Dataset items
=== Section Start ===
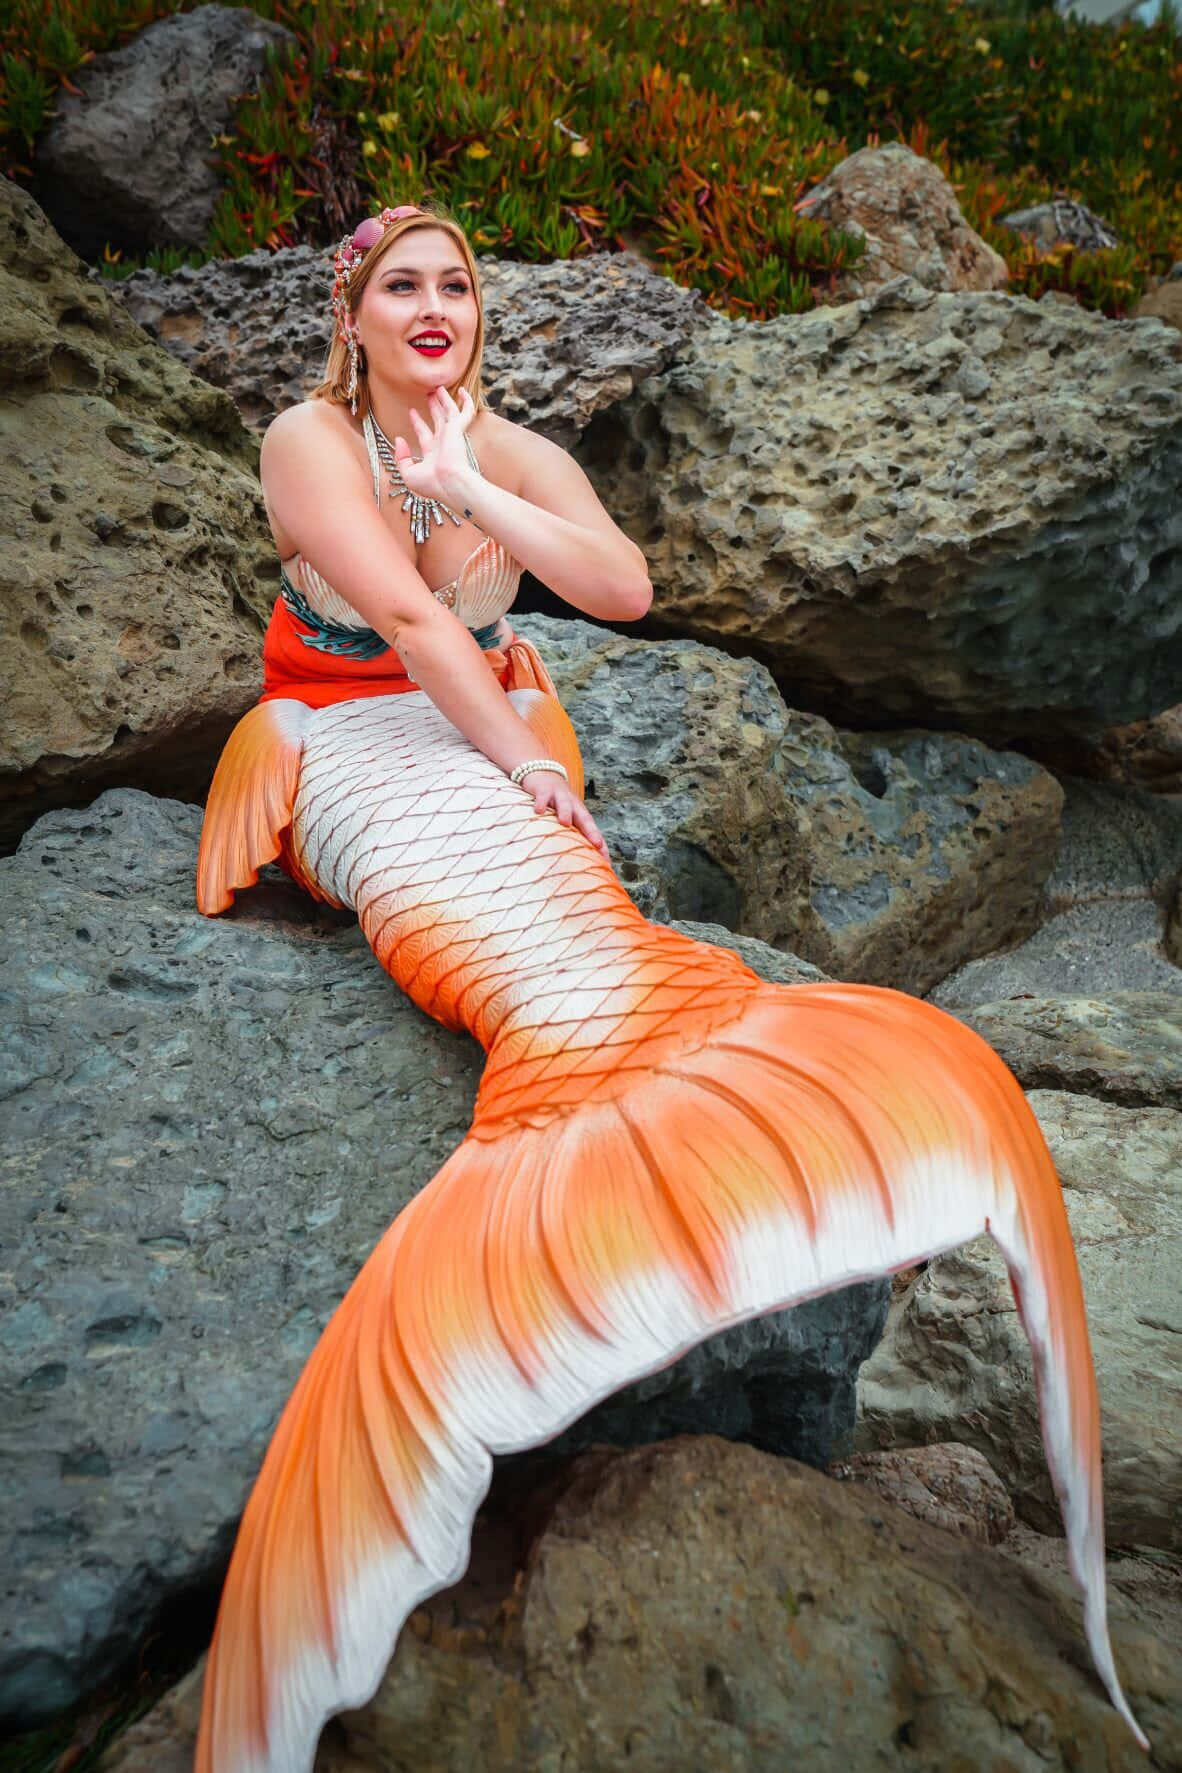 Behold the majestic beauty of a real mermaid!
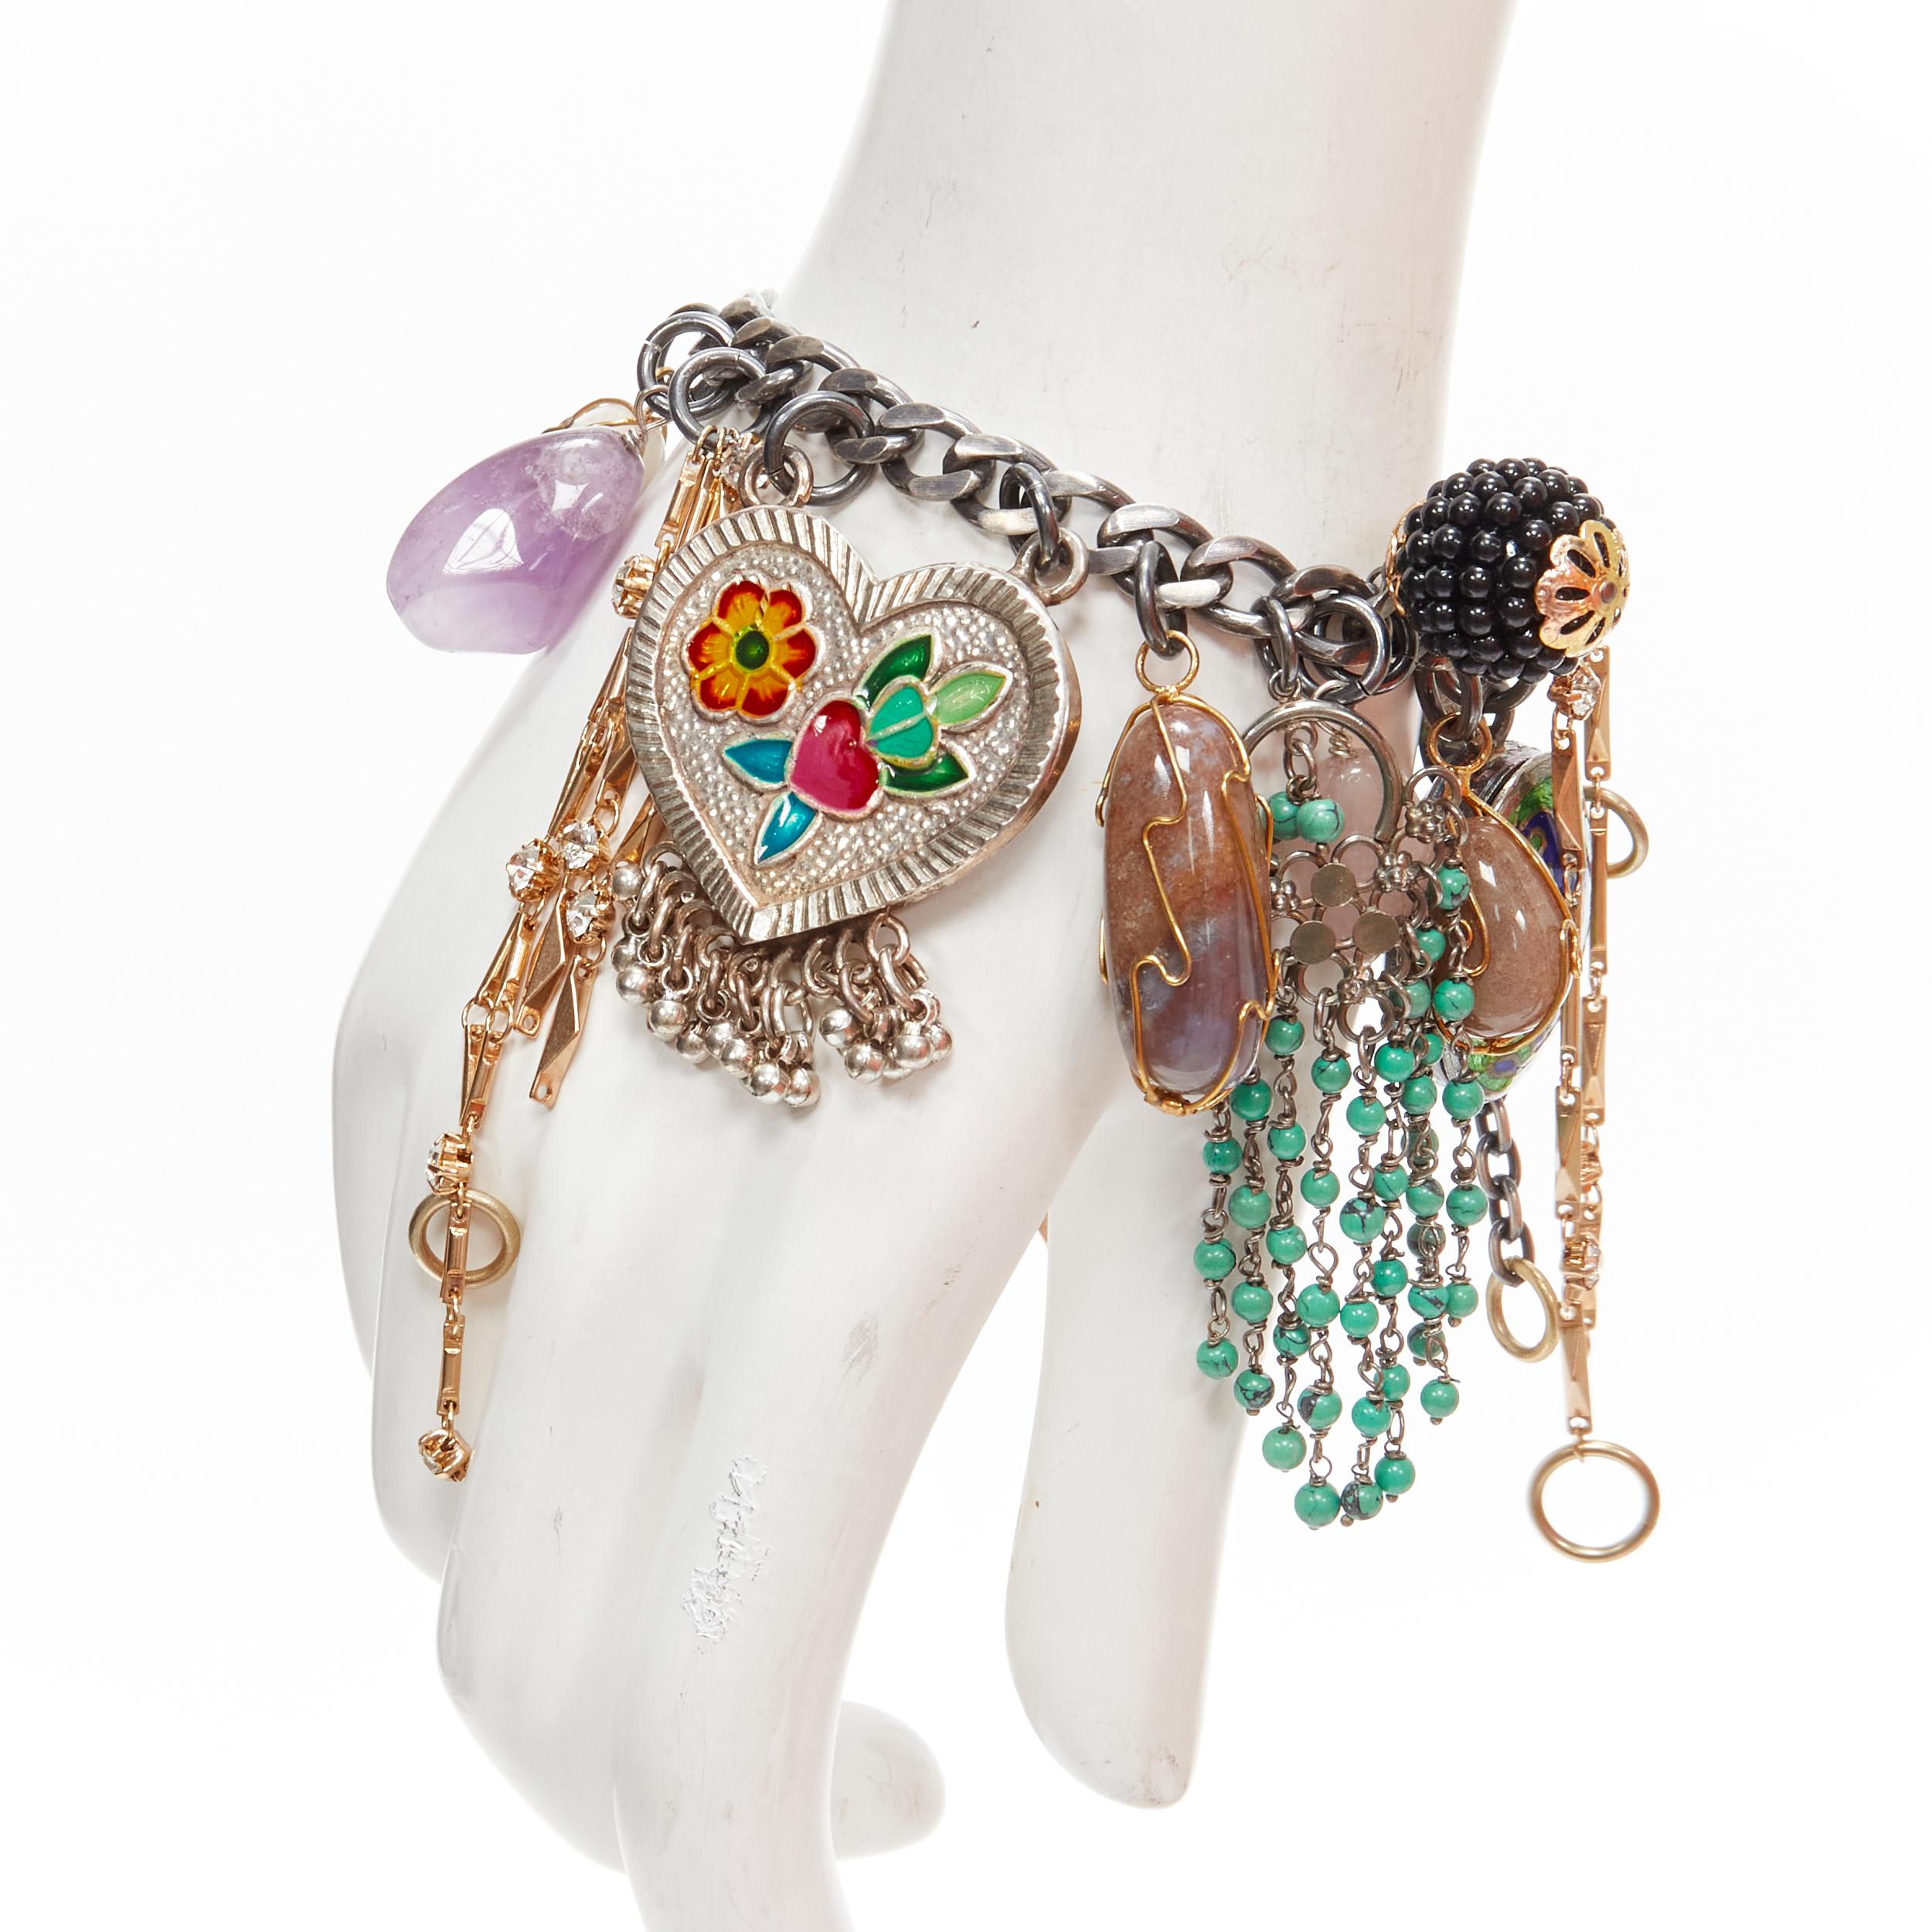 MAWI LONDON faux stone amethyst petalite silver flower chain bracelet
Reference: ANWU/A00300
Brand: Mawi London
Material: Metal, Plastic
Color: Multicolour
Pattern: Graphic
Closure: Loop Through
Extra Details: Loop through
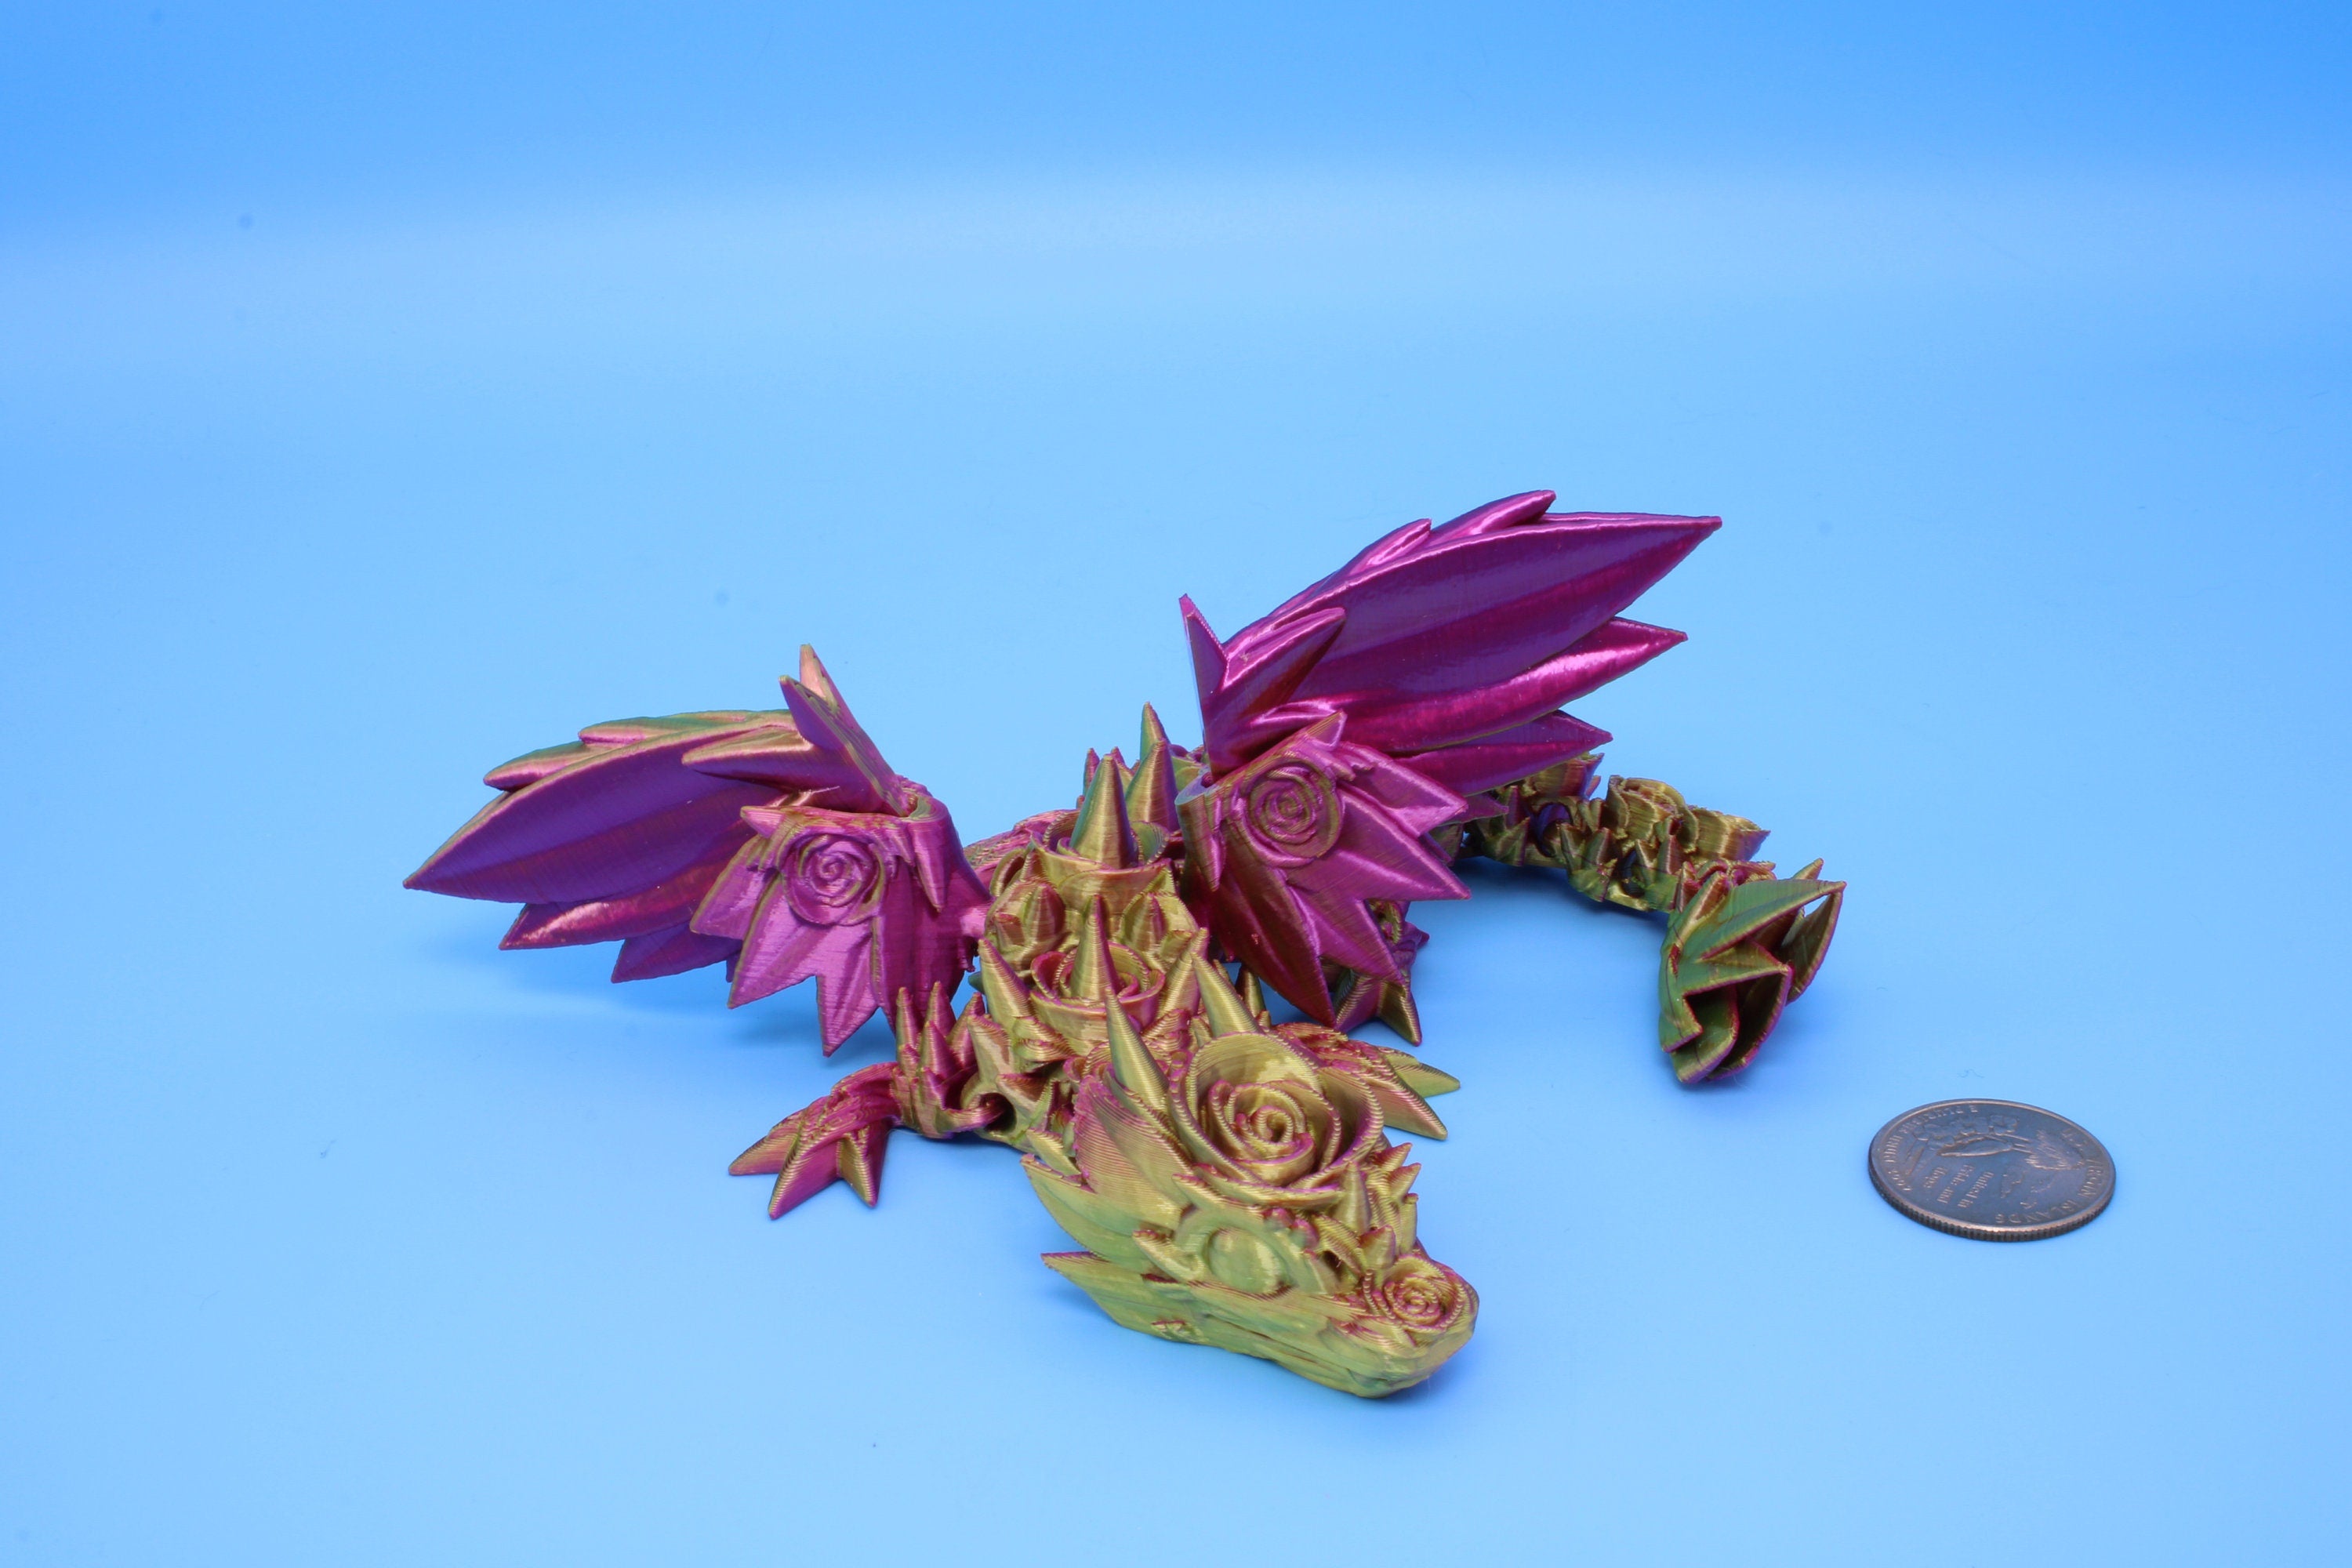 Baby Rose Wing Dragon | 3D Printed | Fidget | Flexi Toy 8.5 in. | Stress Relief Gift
=== Section End ===
**Task directions**
Transcribe every entry exactly, leaving out the pictures.

**Task answer**
 Behold the majestic beauty of a real mermaid!
 MAWI LONDON faux stone amethyst petalite silver flower chain bracelet
Reference: ANWU/A00300
Brand: Mawi London
Material: Metal, Plastic
Color: Multicolour
Pattern: Graphic
Closure: Loop Through
Extra Details: Loop through
 Baby Rose Wing Dragon | 3D Printed | Fidget | Flexi Toy 8.5 in. | Stress Relief Gift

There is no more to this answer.